Despite this weakness, there are numerous strengths in the current research design that other designs lack, including the ability to account for genetic and shared environmental factors when testing hypotheses and to test for GxE. Furthermore, a number of researchers have found that studies employing large, nationally representative samples of twins tend to be more generalizable to the singleton population than frequently assumed (for an example, see Barnes & Boutwell,

2013).

Second, additional breastfeeding details would have been preferred, but such details were not provided in the ECLS-B data. For example, it would have been particularly useful to know whether, and to what extent, mothers fed their infant expressed breast milk or milk directly from the breast. Although this may seem like a superfluous distinction, data on these details would have enabled me to tease apart the effects of breast milk as a nutritional factor and the effects of breastfeeding as a social experience. It would permit a more nuanced examination of exactly how breastfeeding impacts attachment, and whether expressed breast milk has similar or different benefits for behavior relative to feeding directly from the breast. Although the breastfeeding measures available in the ECLS-B are not incredibly detailed, they do permit the

241 comparison of exclusive versus nonexclusive breastfeeding, due to the inclusion of variables such as those concerning the onset of formula feeding and solid-food feeding.

Third, the measures of early childhood nutrition were somewhat limited in their scope and specificity. That is, when examining the influence of early childhood nutrition on externalizing behavior, it would have been worthwhile to also test hypotheses using measures that tap specific nutrients (e.g., omega-3 fatty acids, iron), but such measures were not available in the data. Some of the recent nutrition literature utilizes very precise measures of nutrient intake, such as omega-3 blood levels (Gow et al., 2013) and iron deficiency (Golub & Hogrefe,

2014). Nevertheless, while these would be preferable at the molecular and/or neurological level, more generalized measures of poor diet are useful in highlighting the specific dietary changes that can be made on a daily basis to minimize behavioral problems (see Park et al., 2012; Oh et al., 2013).

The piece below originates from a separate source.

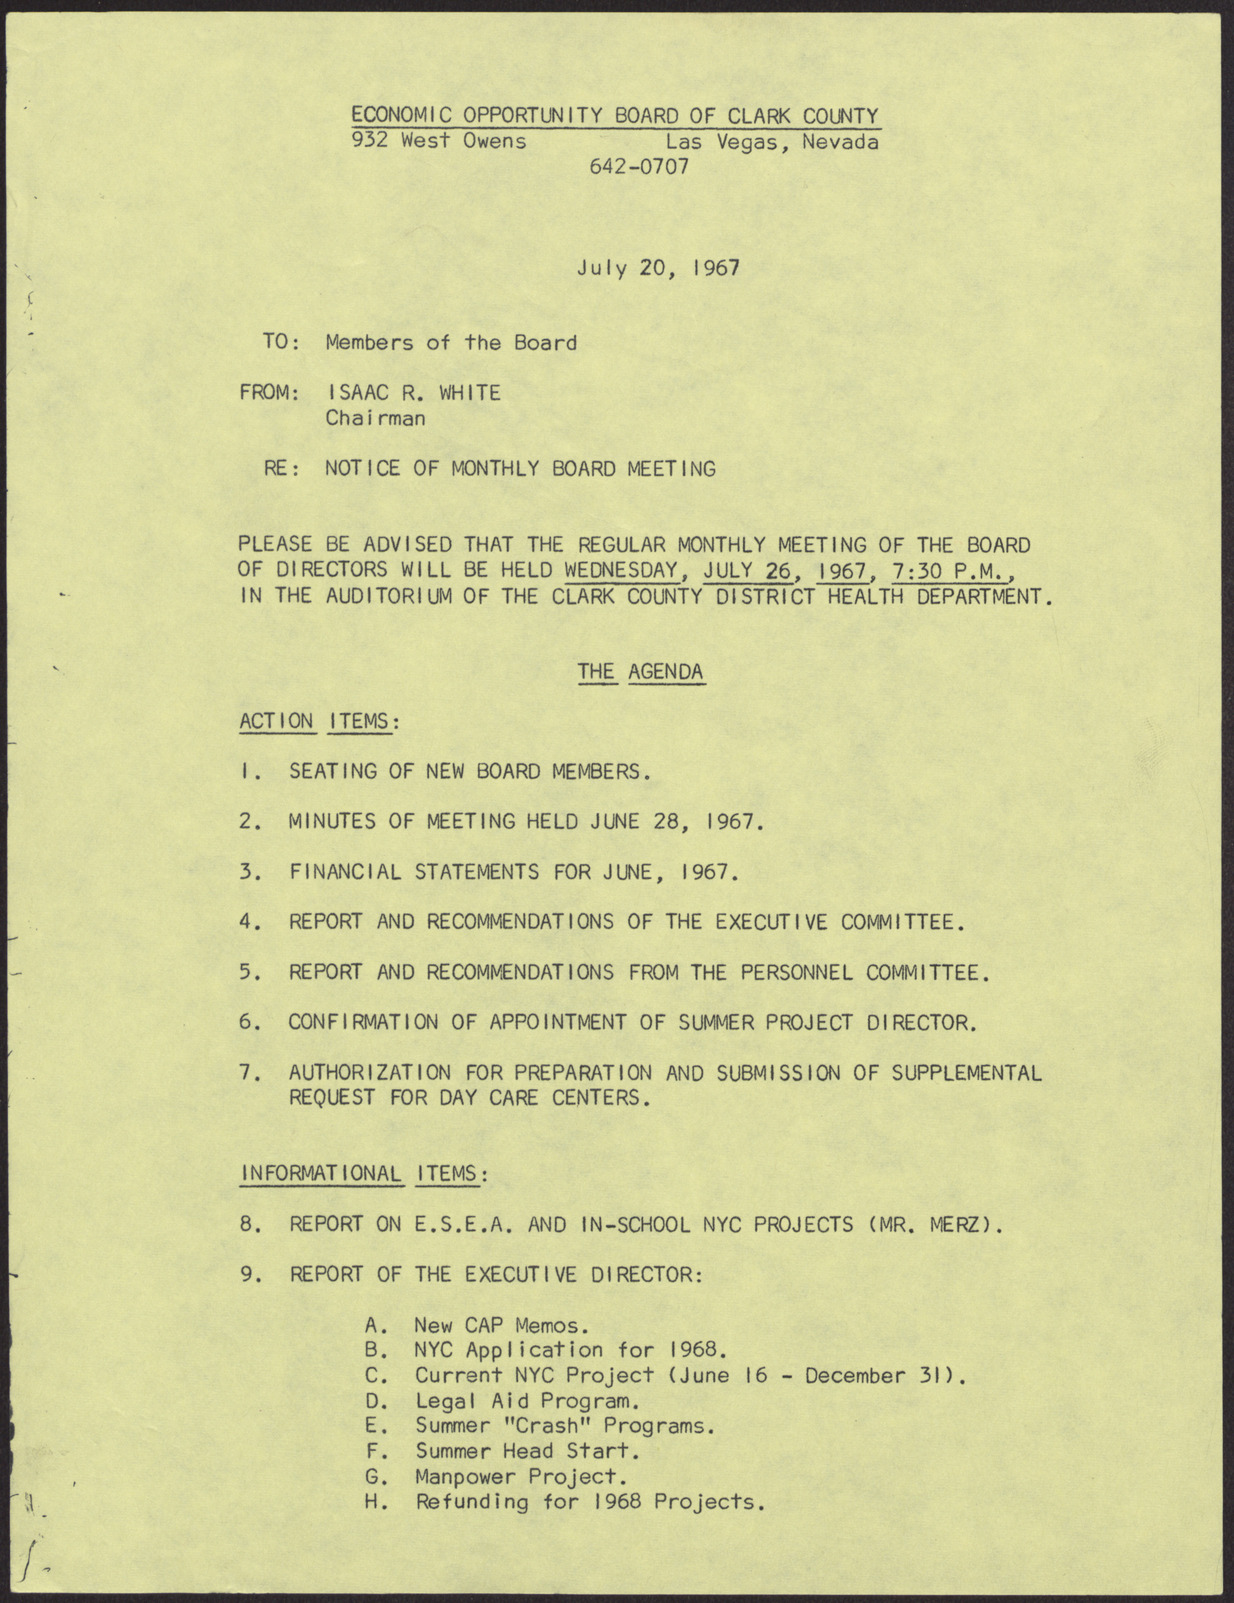 Notice to members of the Economic Opportunity Board of Clark County from Isaac R. White, July 20, 1967
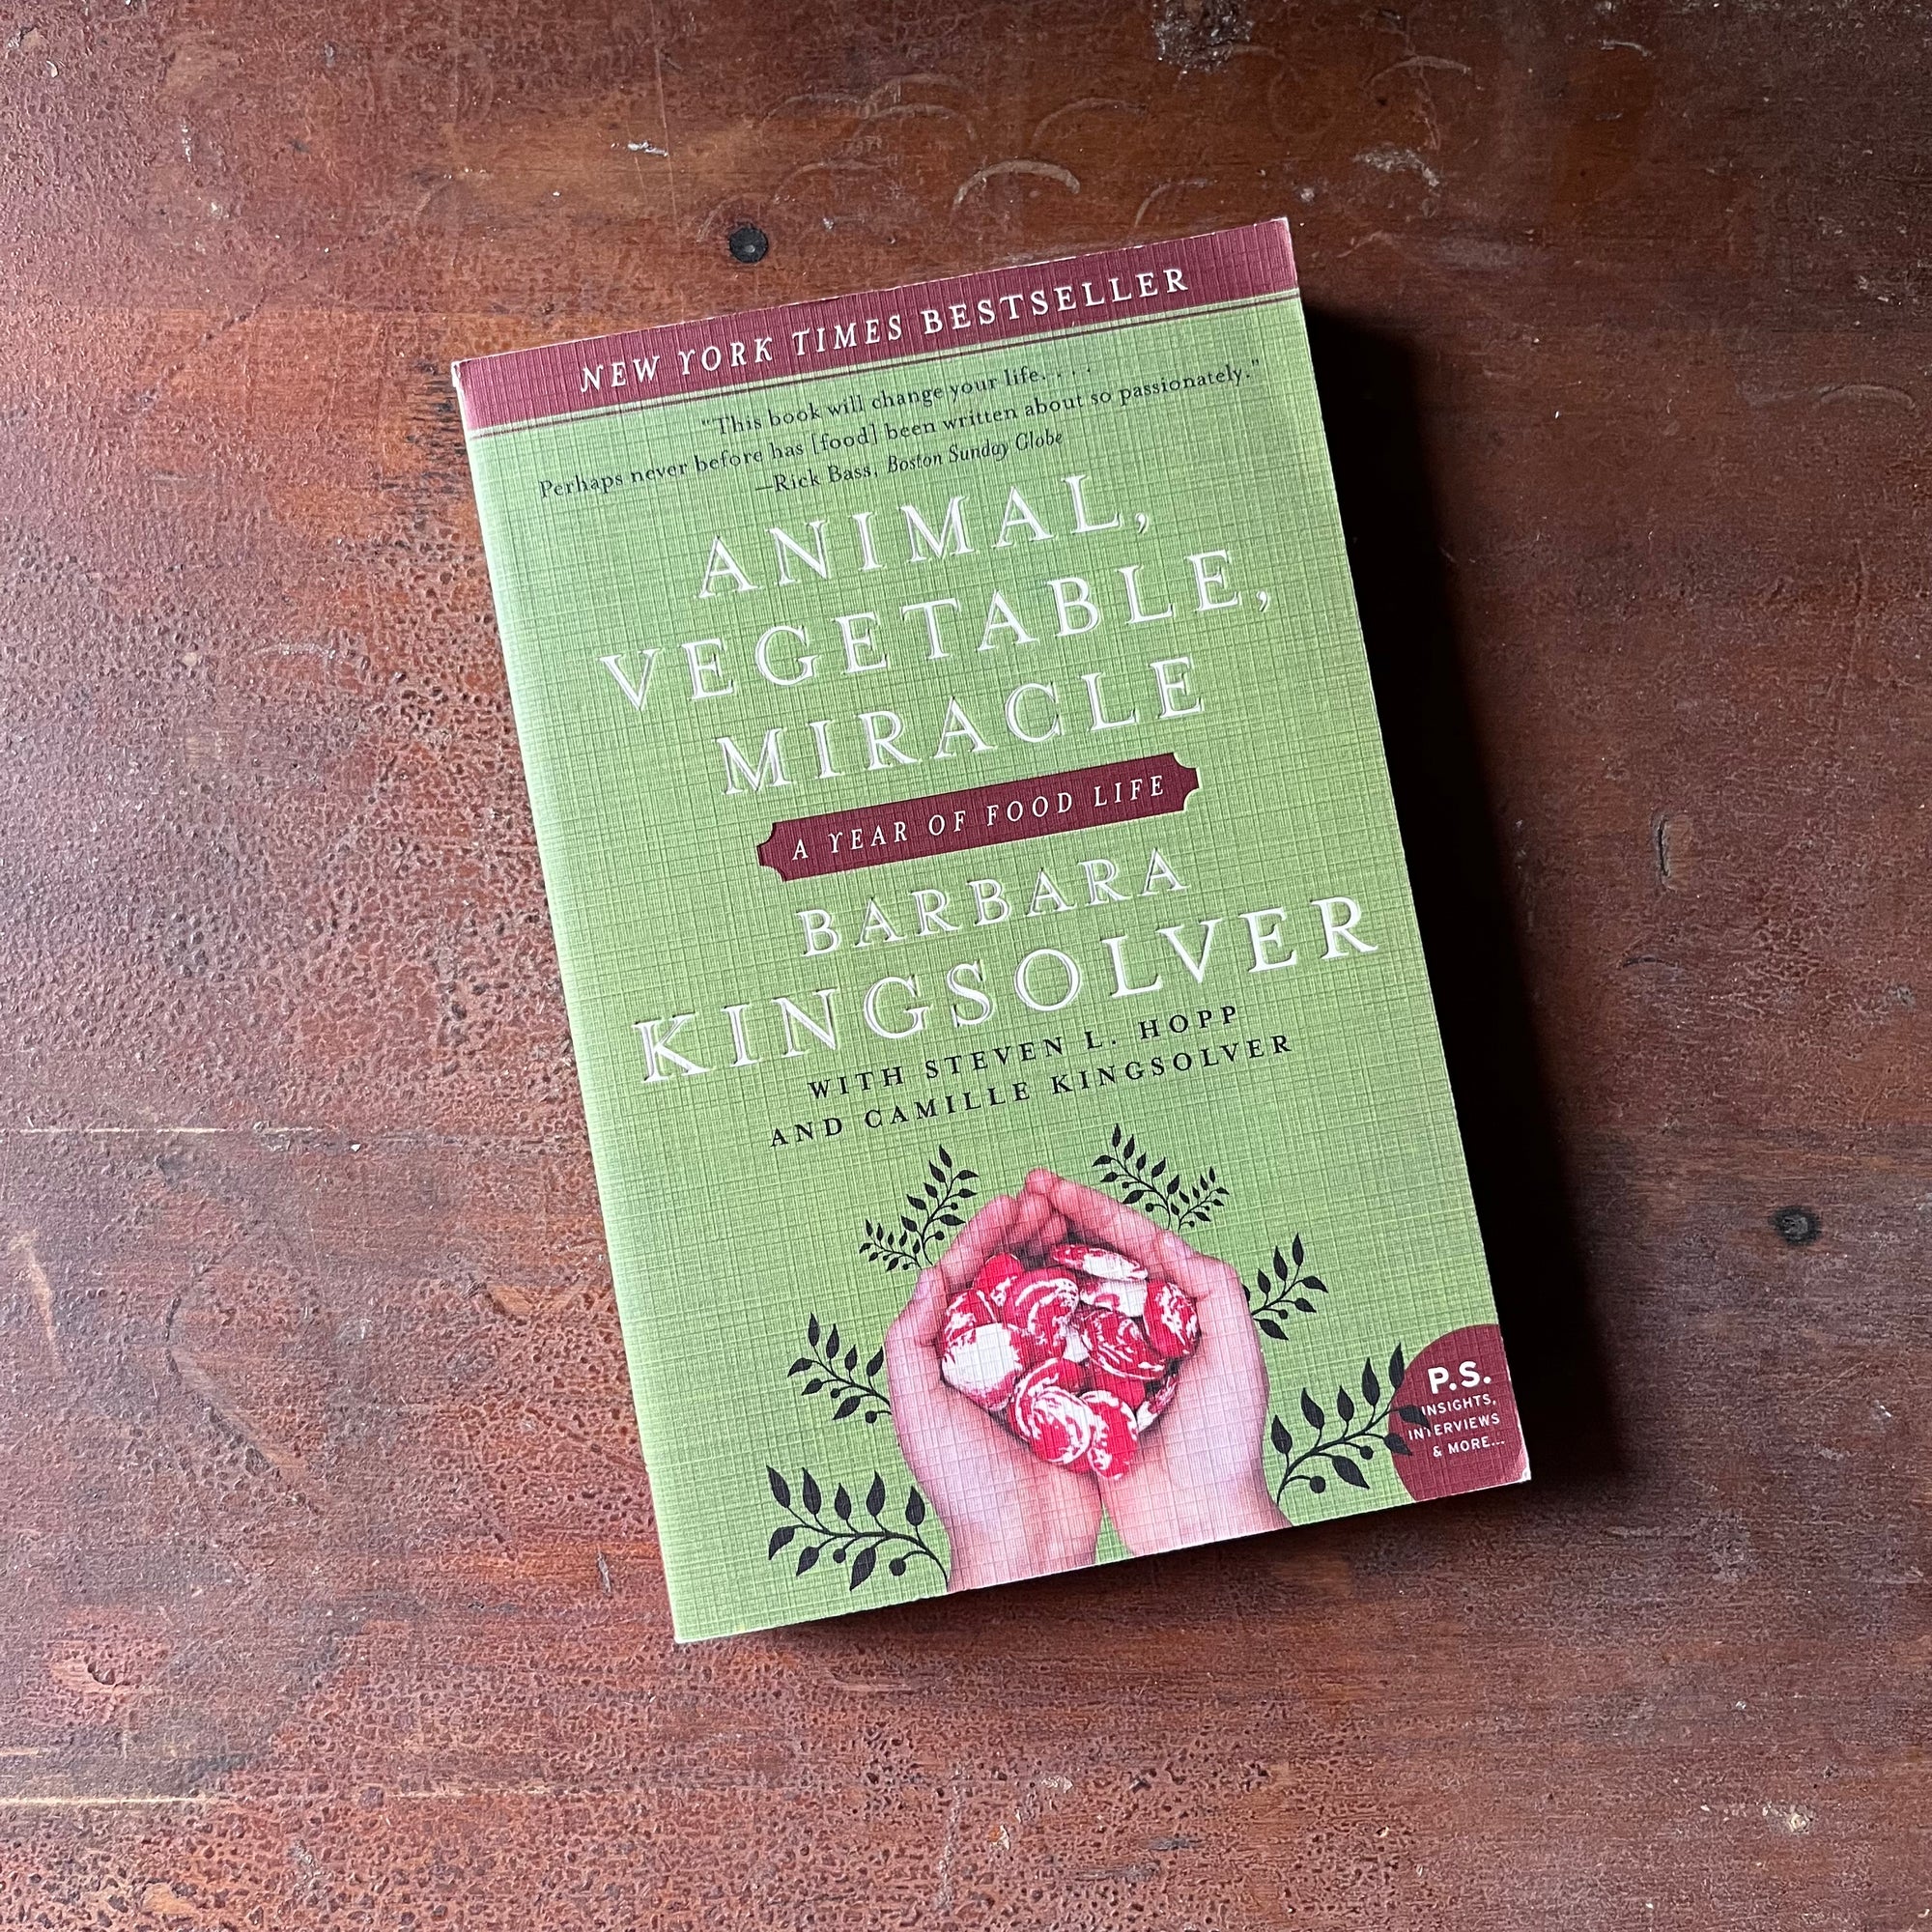 Animal, Vegetable, Miracle A year of Food Life by Barbara Kingsolver - view of the front cover

Fourth, while the ECLS-B contains a large sample of twins, and is fairly comprehensive in scope, subjects were only followed until they were approximately 6 years of age. From a criminological perspective, it would have been informative to follow these children into adolescence and adulthood in order to examine their delinquency trajectories. The data provide no means of explicitly testing for the development of criminal behavior, despite the wealth of data relating to the development of antisocial behavior during childhood. Despite this important limitation, the ECLS-B data are incredibly thorough in their coverage of multiple aspects of child development, as well as numerous prenatal, perinatal and early childhood risk factors. To my knowledge, no nationally representative dataset examining delinquent and criminal behavior provides such rich concerning the first few years of life as the ECLS-B, which is why it was chosen for the present study. Furthermore, research has revealed that identifying a class of

242 individuals who have severe behavioral and self-regulation problems during childhood is one of the best ways to predict life-course-persistent offending (Vaughn, DeLisi, Beaver, & Wright,

2009). Importantly, breastfeeding risk and genetic risk, in conjunction, placed children in the top

6-8% of the externalizing distribution, suggesting that they are indeed at risk of life-course- persistent offending. In this way, a dataset that extends beyond childhood may not be as germane to the study of criminological processes as is often presumed. Still, as research similar to the current project becomes more commonplace in the field of criminology, more comprehensive studies that span from birth to adulthood will hopefully be conducted, enabling a more complete test of the research questions relevant to life-course criminology.

Finally, the ECLS-B data do not allow for tests of specific gene-environment interactions between the nutritional factors and measured polymorphisms (i.e., plasticity markers). While the latent measure of genetic risk that was employed in the current study is a valuable first step in examining gene-environment interactions, ultimately, interactions between nutritional factors, such as breastfeeding, and specific risk alleles (e.g., MAOA, DRD2, 5HTTLPR) should be identified, as doing so provides more of a basis for genetically informed interventions.

Importantly, some research had already examined the moderating effects of FADS2 in the relationship between breastfeeding and cognition. Still, breastfeeding research examining other genes as moderators, and/or behavioral outcomes, are completely absent from the literature

(except see Jackson & Beaver, in press). Studies exploring gene-diet interactions as predictors of behavioral problems during childhood, moreover, are essentially nonexistent. While the current study was unable to explicitly test risk alleles as moderators, the findings provide some initial evidence of the moderating role of genetic risk and suggest that significant interactions between specific genes and nutritional factors are likely occurring.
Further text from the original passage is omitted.